DeMaria E J, Siuta M, Widmeyer J, Zfass A M
Department of Surgery, Medical College of Virginia, Richmond, USA.
Gastroenterologist. 1997 Mar;5(1):85-93.
The advent of the laparoscopic approach to Nissen fundoplication has led to a resurgence in enthusiasm for the surgical treatment of gastroesophageal reflux disease (GERD). However, controversy exists as to which subgroups of GERD patients are best treated surgically. The relative success of treatment with medical and surgical intervention in terms of both symptom control and objective resolution of esophageal injury must be weighed against the relative costs of each therapeutic strategy in both the short and long term, given that GERD tends to be a lifelong disorder. The following is the transcribed text of a debate held at the Medical College of Virginia as part of a continuing medical education program in which the statement "Laparoscopic antireflux surgery is superior to medical treatment for severe gastroesophageal reflux disease" was contested. Representatives from the departments of surgery and gastroenterology provided arguments supporting their respective sides of this issue. The purpose was not to promote polarization in treatment selection, but to review the available data in a forum that could promote development of a rational algorithm for clinical decision-making in patients with GERD who might benefit from antireflux surgery. Final comments from the authors are provided in an attempt to synthesize the arguments into a reasonable strategy for individual case management.

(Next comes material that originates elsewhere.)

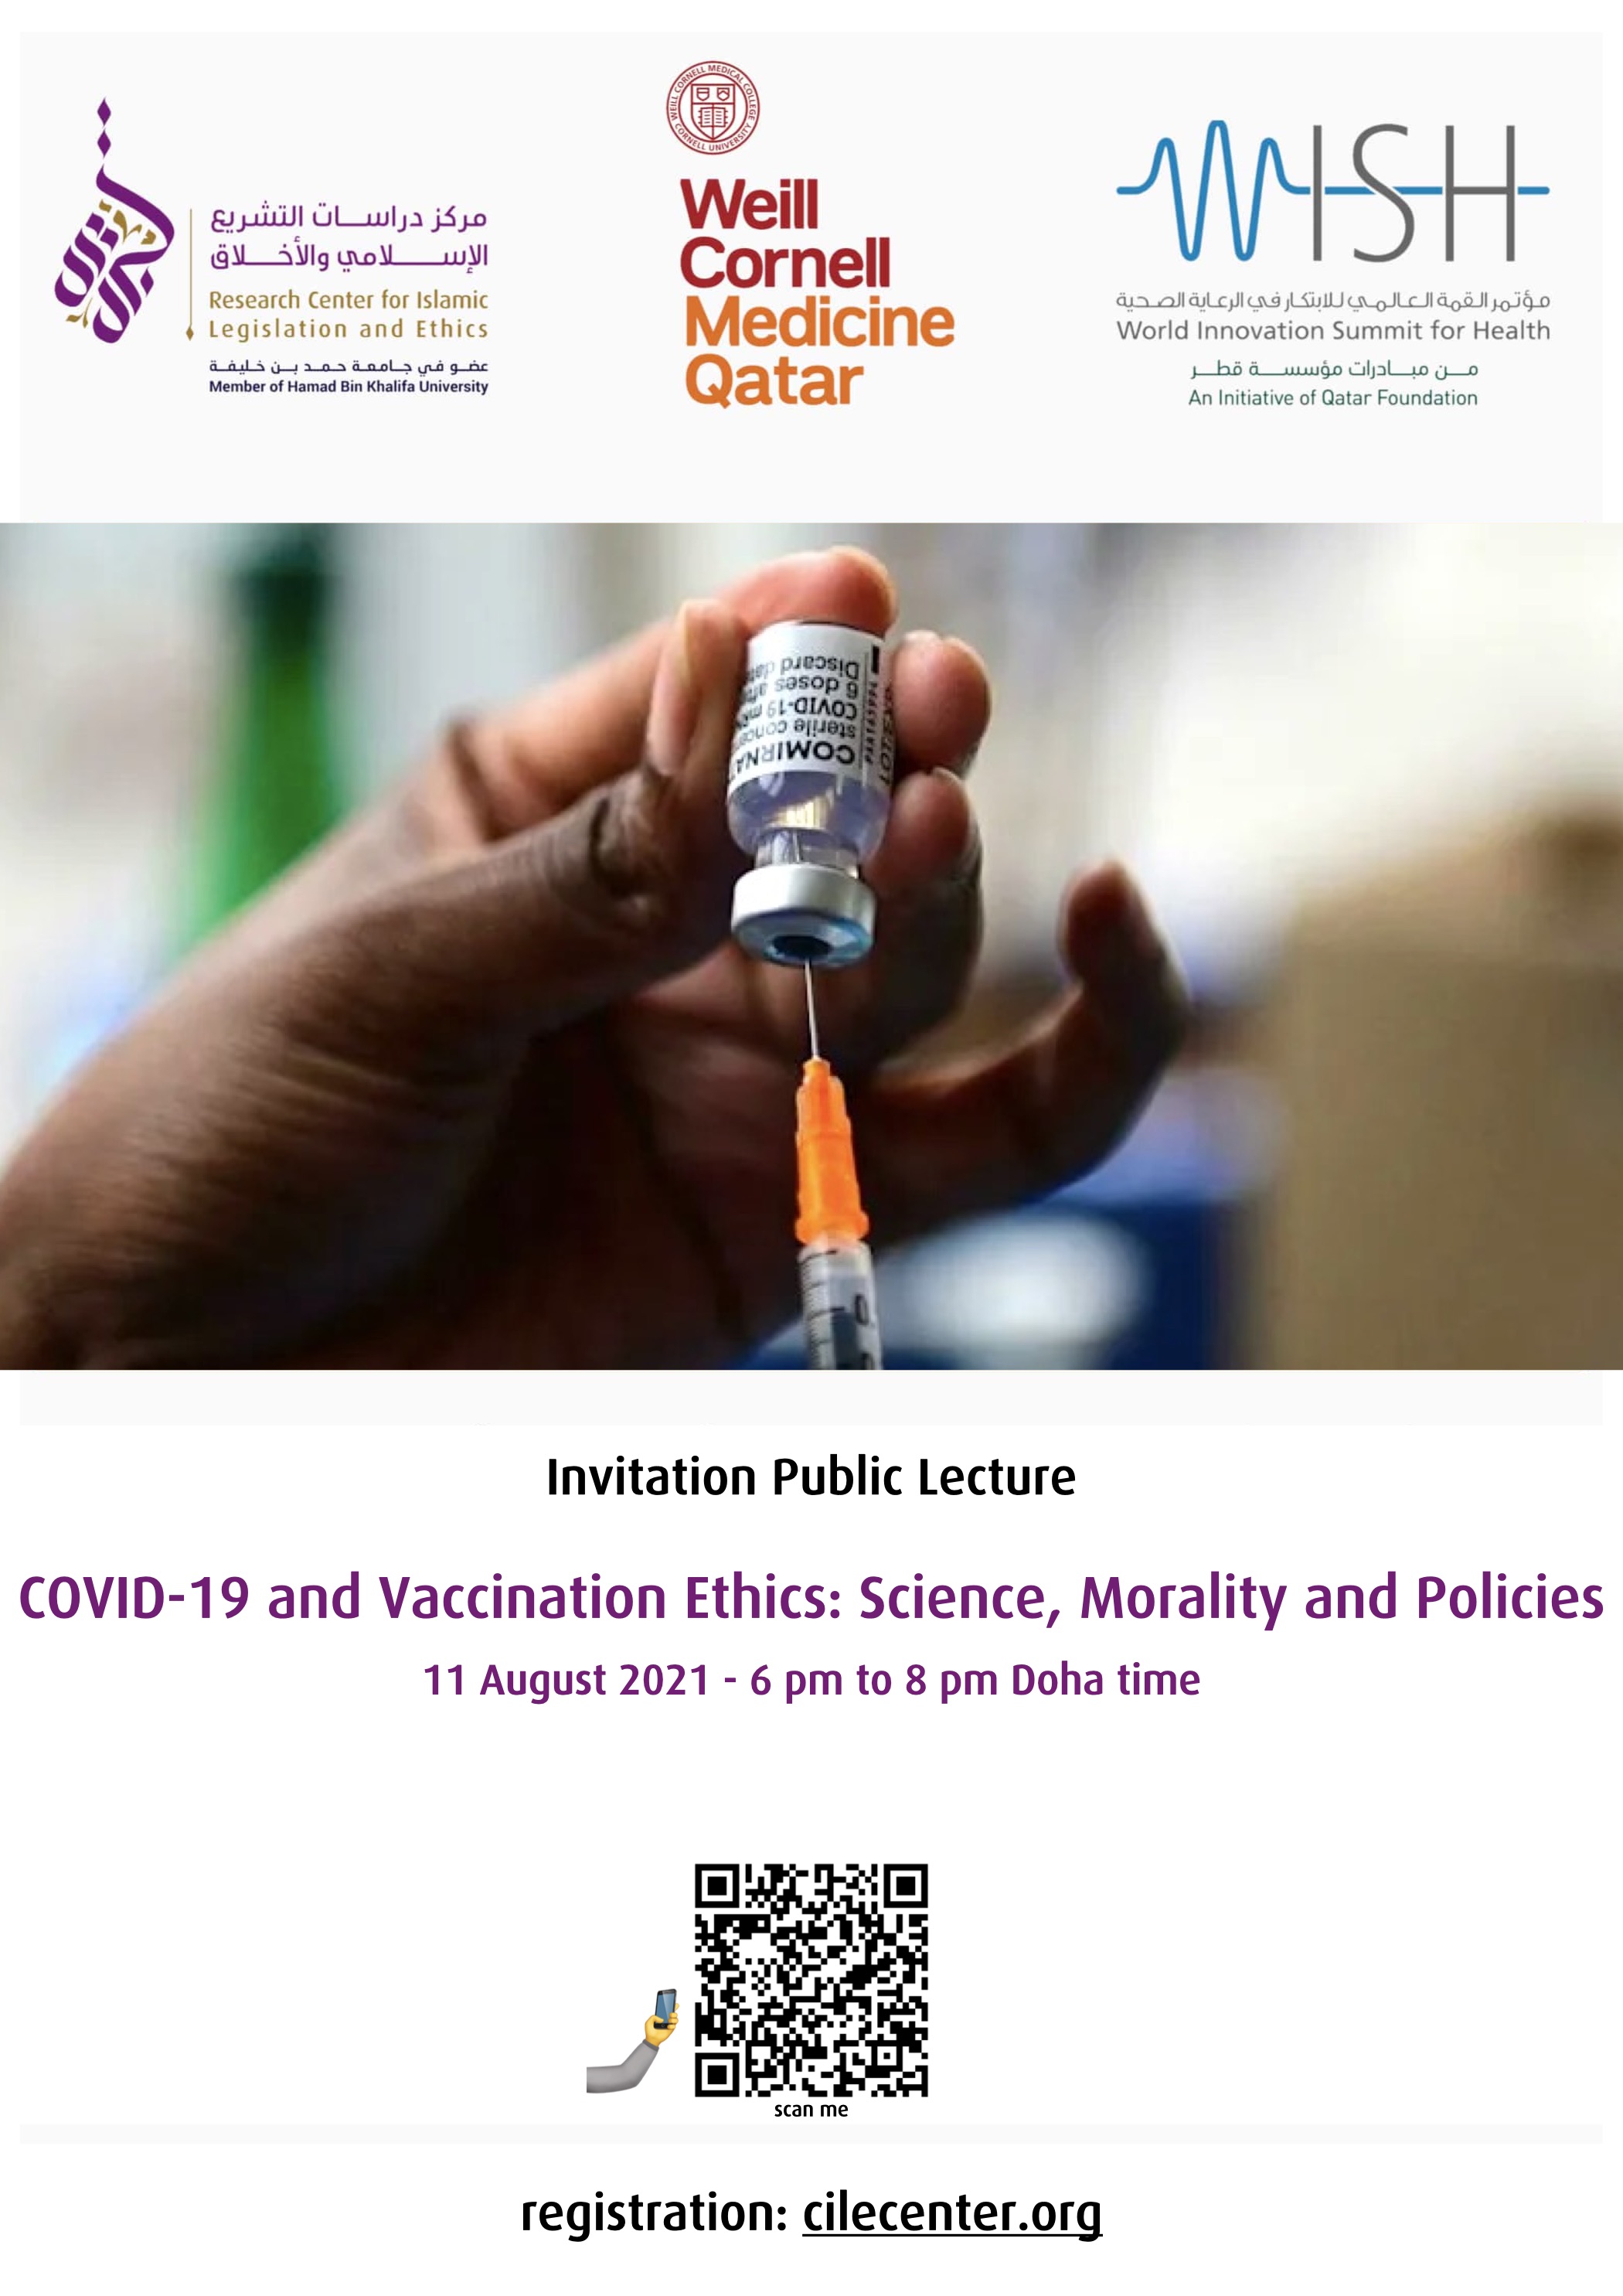 08/2021 Lecture "COVID-19 and Vaccination Ethics: Science, Morality and Policies"

腹腔镜下尼氏胃底折叠术的出现,使得人们对胃食管反流病(GERD)的手术治疗热情再度高涨。然而,对于哪些GERD患者亚组最适合手术治疗仍存在争议。鉴于GERD往往是一种终身性疾病,在短期和长期内,必须权衡药物治疗和手术干预在症状控制以及食管损伤客观缓解方面的相对成功率与每种治疗策略的相对成本。以下是弗吉尼亚医学院举行的一场辩论的文字记录,该辩论是继续医学教育项目的一部分,其中“腹腔镜抗反流手术优于重度胃食管反流病的药物治疗”这一观点受到了质疑。外科和胃肠病学部门的代表提供了支持各自立场的论据。目的并非促进治疗选择的两极分化,而是在一个能够促进为可能受益于抗反流手术的GERD患者制定合理临床决策算法的论坛上,回顾现有数据。作者给出了最终评论,试图将这些论据综合成一个针对个体病例管理的合理策略。